On May 1st, textile workers demanded a wage increase to more than $11 a day (800 gourdes, the Haitian currency).

In the capital city of Port-au-Prince, nearly 500 people defied the police by marching from Sonapi Park in the industrial zone to the president’s residence at the Field of Mars. The majority were workers from the textile companies, supported by students.

Four trade unions were present, as were the comrades of OTR, the Revolutionary Workers Organization, demonstrating with the slogan of raising the minimum wage.
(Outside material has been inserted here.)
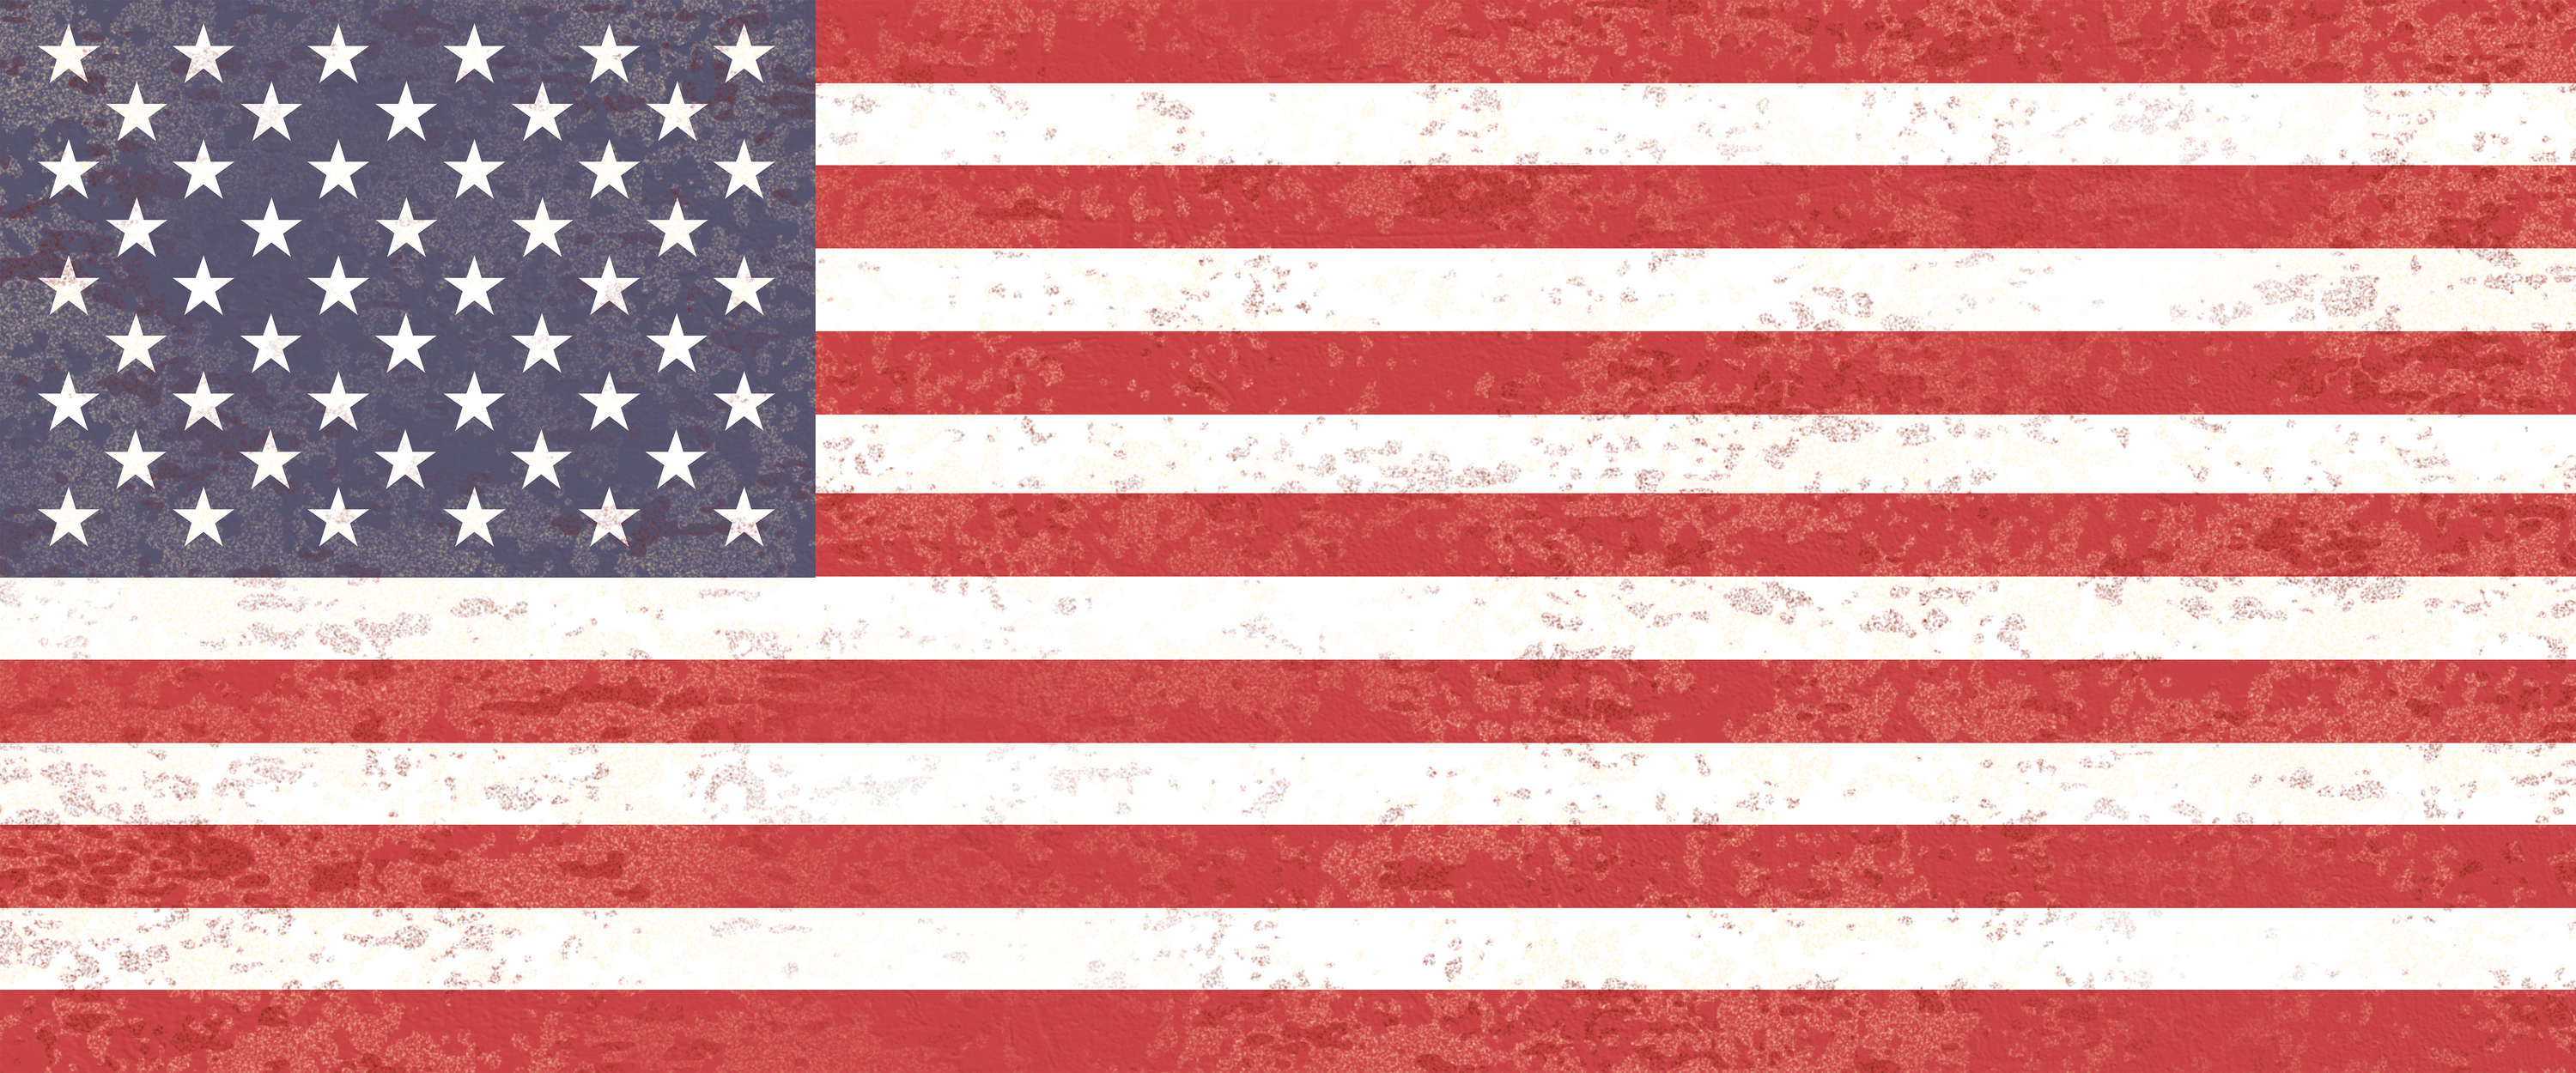             Papel Pintado Bandera Americana - Estrellas y Rayas
        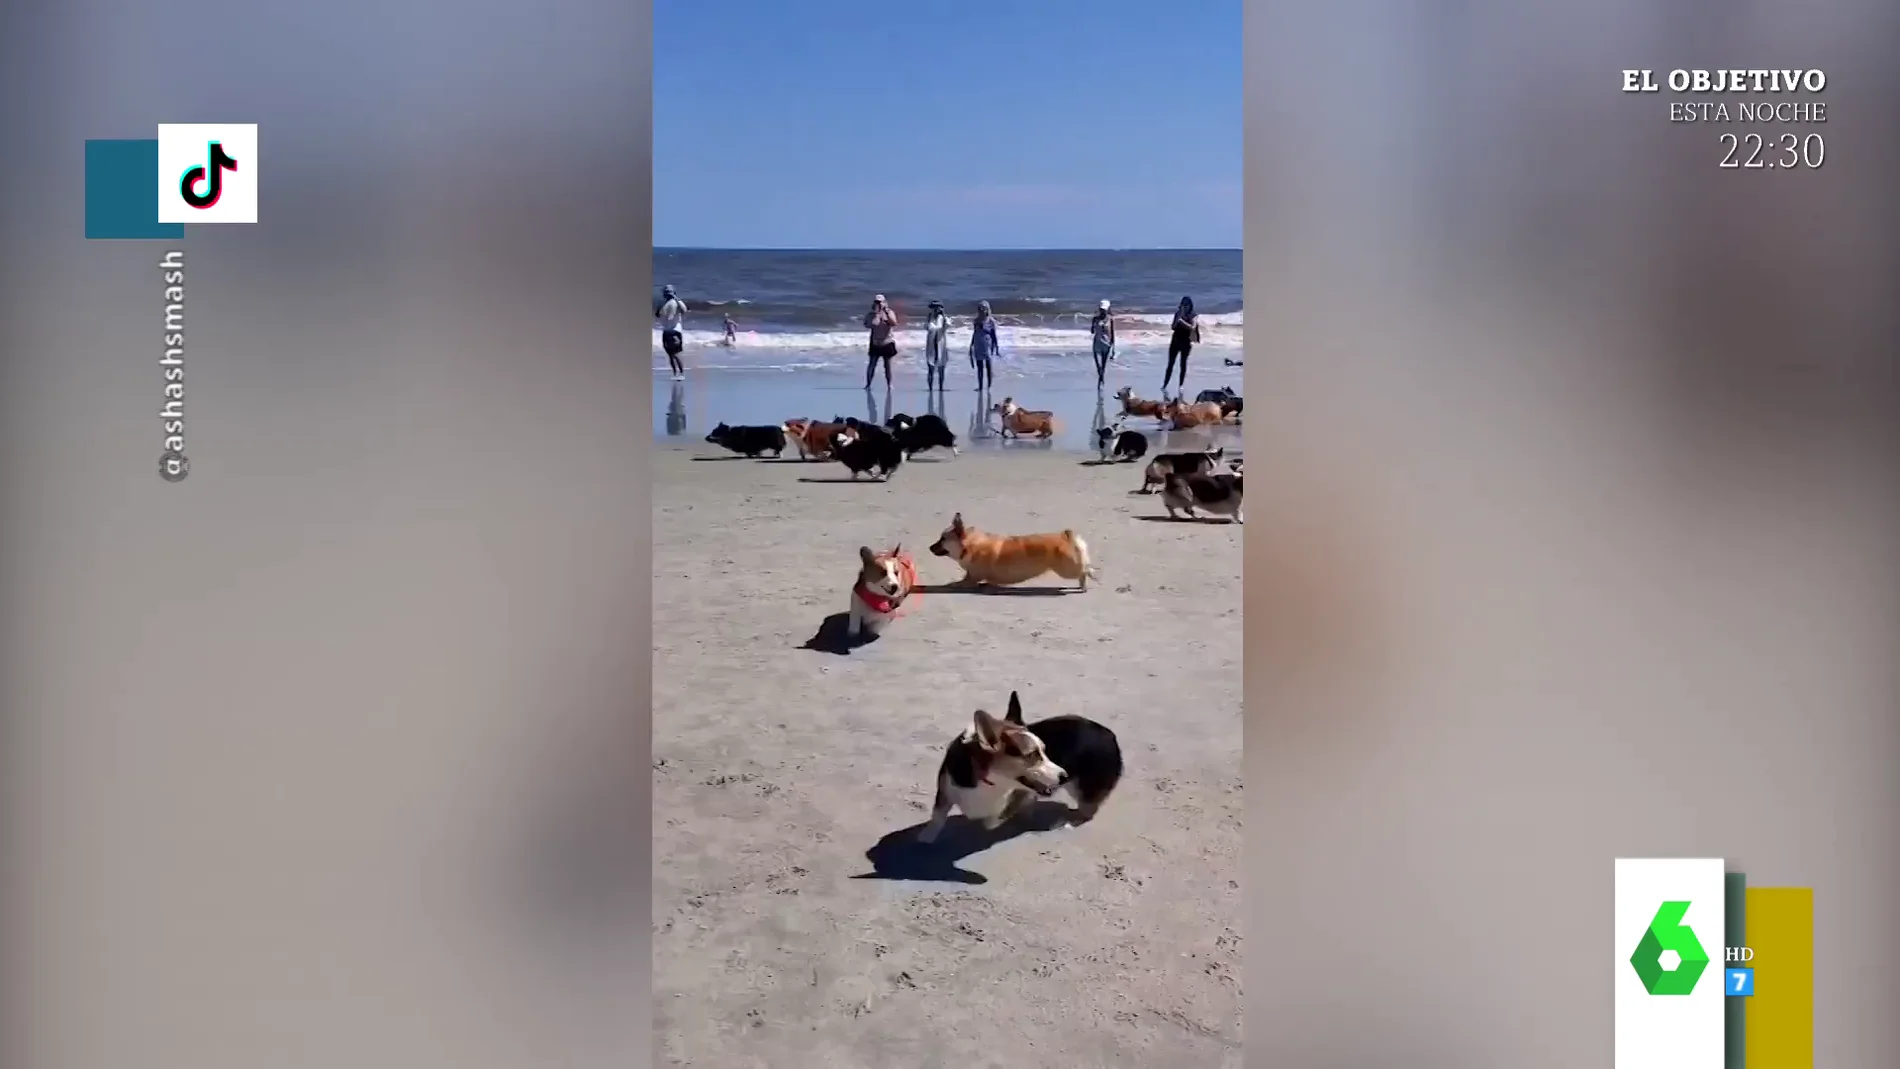 El hilarante caos de una carrera de perros en una playa de EEUU

The demonstrators chanted, “800 gourdes minimum per day,” and, “Slow down the pace of work!” Their signs exposed the high cost of living and the lack of health insurance, for which deductions are always made by the bosses without services to workers ever being paid for.

The Haitian government, serving the bosses, renamed May 1 “the Festival of Agriculture.” The government organized an agricultural fair at the Field of Mars to fool working people and divert them onto a different path than struggle. But worrying that the protesters might disrupt the fair, the new president Jovenel sent police to arrest the demonstrators anyway. On the road the marchers encountered the police and their armored vehicles. They faced off for over an hour. The workers sang, “When we are hurt on a machine, we never see the police.” The workers explained to the police that they also are children of poor neighborhoods and that they should not obey the orders of the bosses. In the end the police did not shoot. They followed the march and blocked it 200 yards from the Field of Mars.

Union speakers demanded the pay raise to 800 gourdes a day. The speaker from OTR explained why this wage should be paid in dollars. The bosses get sales revenue in dollars but pay the workers in gourdes, which is a currency that loses value. A wage paid in dollars would not lose value.

No president will make this adjustment. Only pressure exerted by mobilized, angry workers will force the bosses to make it.

The morning of May 1, President Jovenel wanted to calm this anger in advance by decreeing a raise of 50 gourdes per day. This would only raise the pay from $4 a day now to $5 a day. The workers replied, “That’s miles away from 800 gourdes ($11)!” and they are still mobilized in the industrial zone.